Eamonn Brady was a championship winning goalkeeper for his native Mullahoran before winning the 2015 intermediate title alongside his son David with Ballyhaise. It has been a remarkable season so far and Michael McMullan takes a look…

WHERE do you start with Eamonn Brady and his success on different fronts in the Breffni County?

A three-time senior championship winning senior goalkeeper with Mullahoran, his daughter Elaine was player of the final when Ballyhaise ladies left it late to topple his native club to complete a league and championship double.

Youngest son Michael has been a pivotal in an attack that shot Ballyhaise to Sunday’s Ulster showdown with Cullyhanna.

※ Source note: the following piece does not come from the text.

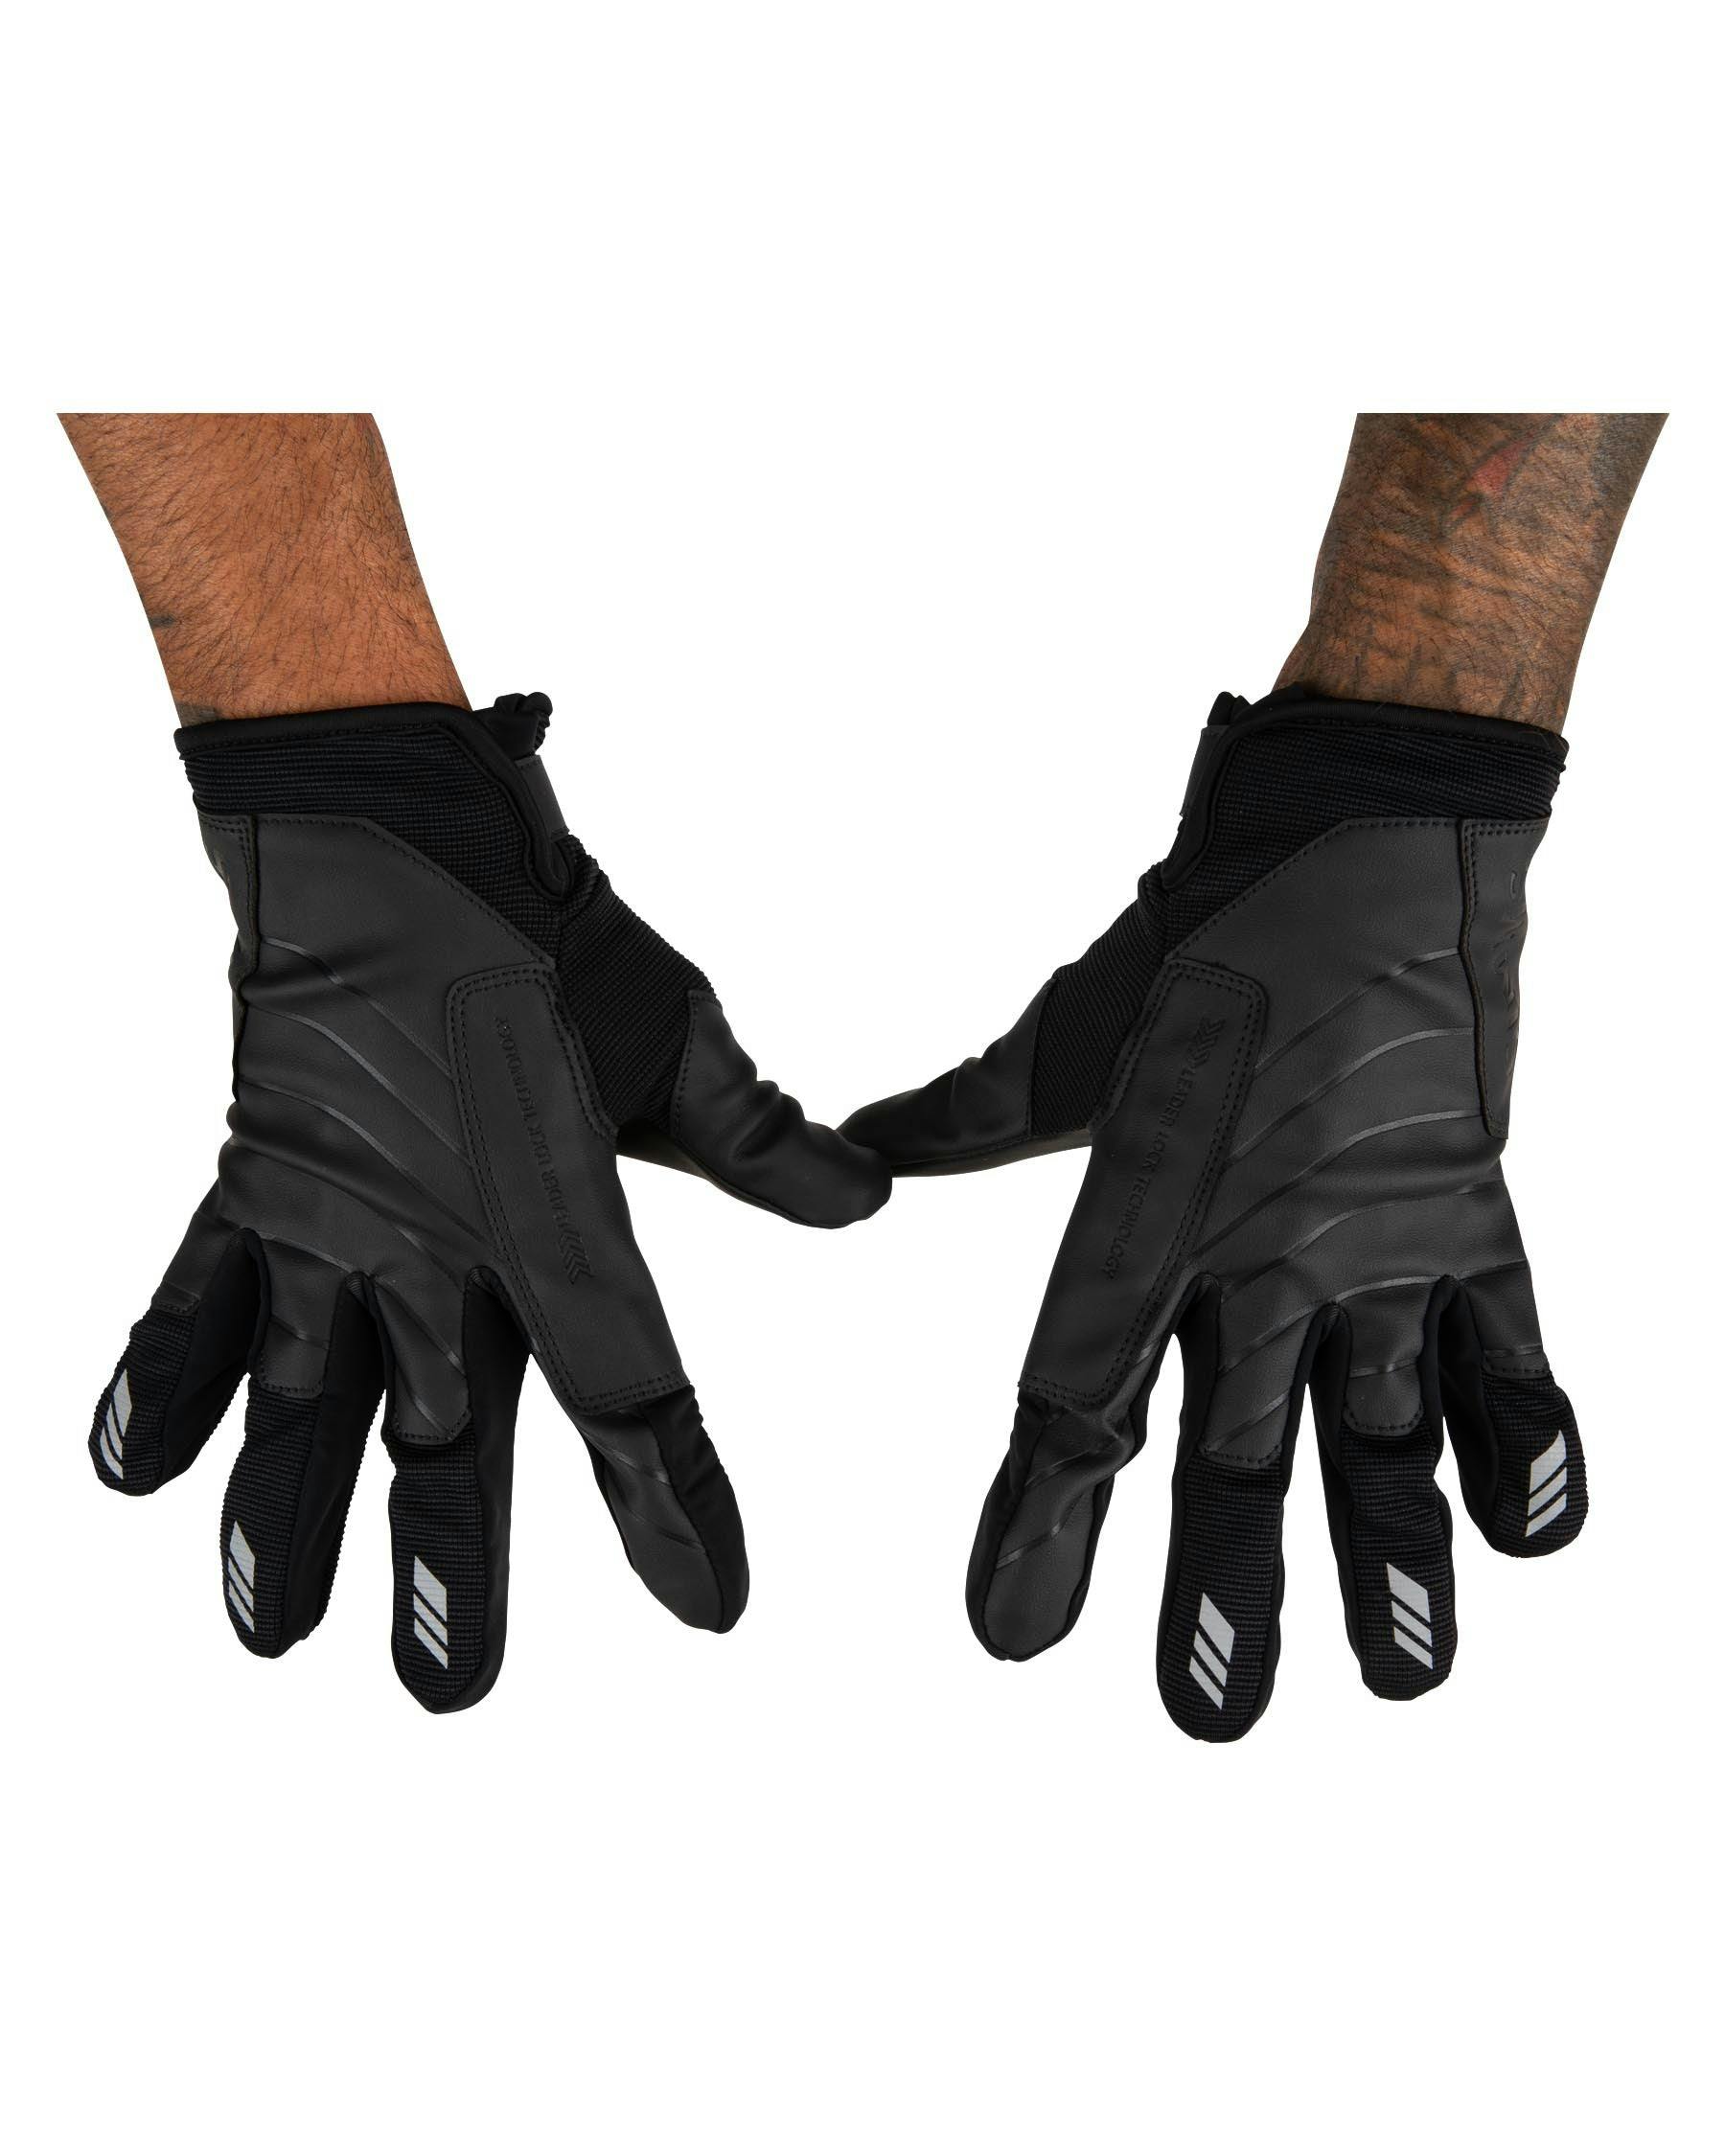 Simms Men's Offshore Angler's Gloves

When Glenullin looked to have one foot in Sunday’s final, it was David who rose like a salmon before tucking home the game-changing goal, into the only corner of the goal he had to aim at.

When Ballyhaise were last Cavan intermediate champions, in 2015, a 44-year-old Eamonn Brady was chipping kick-outs down the wing to David – then in his final year of minor – to run on to.

Winning a championship alongside your son is a dream. Not many get to taste it. Two years later, while a senior selector, he pulled out the junior team for a few games when numbers were light. On a few occasions his son Michael was on the same pitch.

Getting to play on the same pitch as both your sons, well, that’s just even better again. A Friday morning phone conversation peels only off the top layer of a story of pride. Below it, you can sample a grá for football the modest excitement in his voice only really tells.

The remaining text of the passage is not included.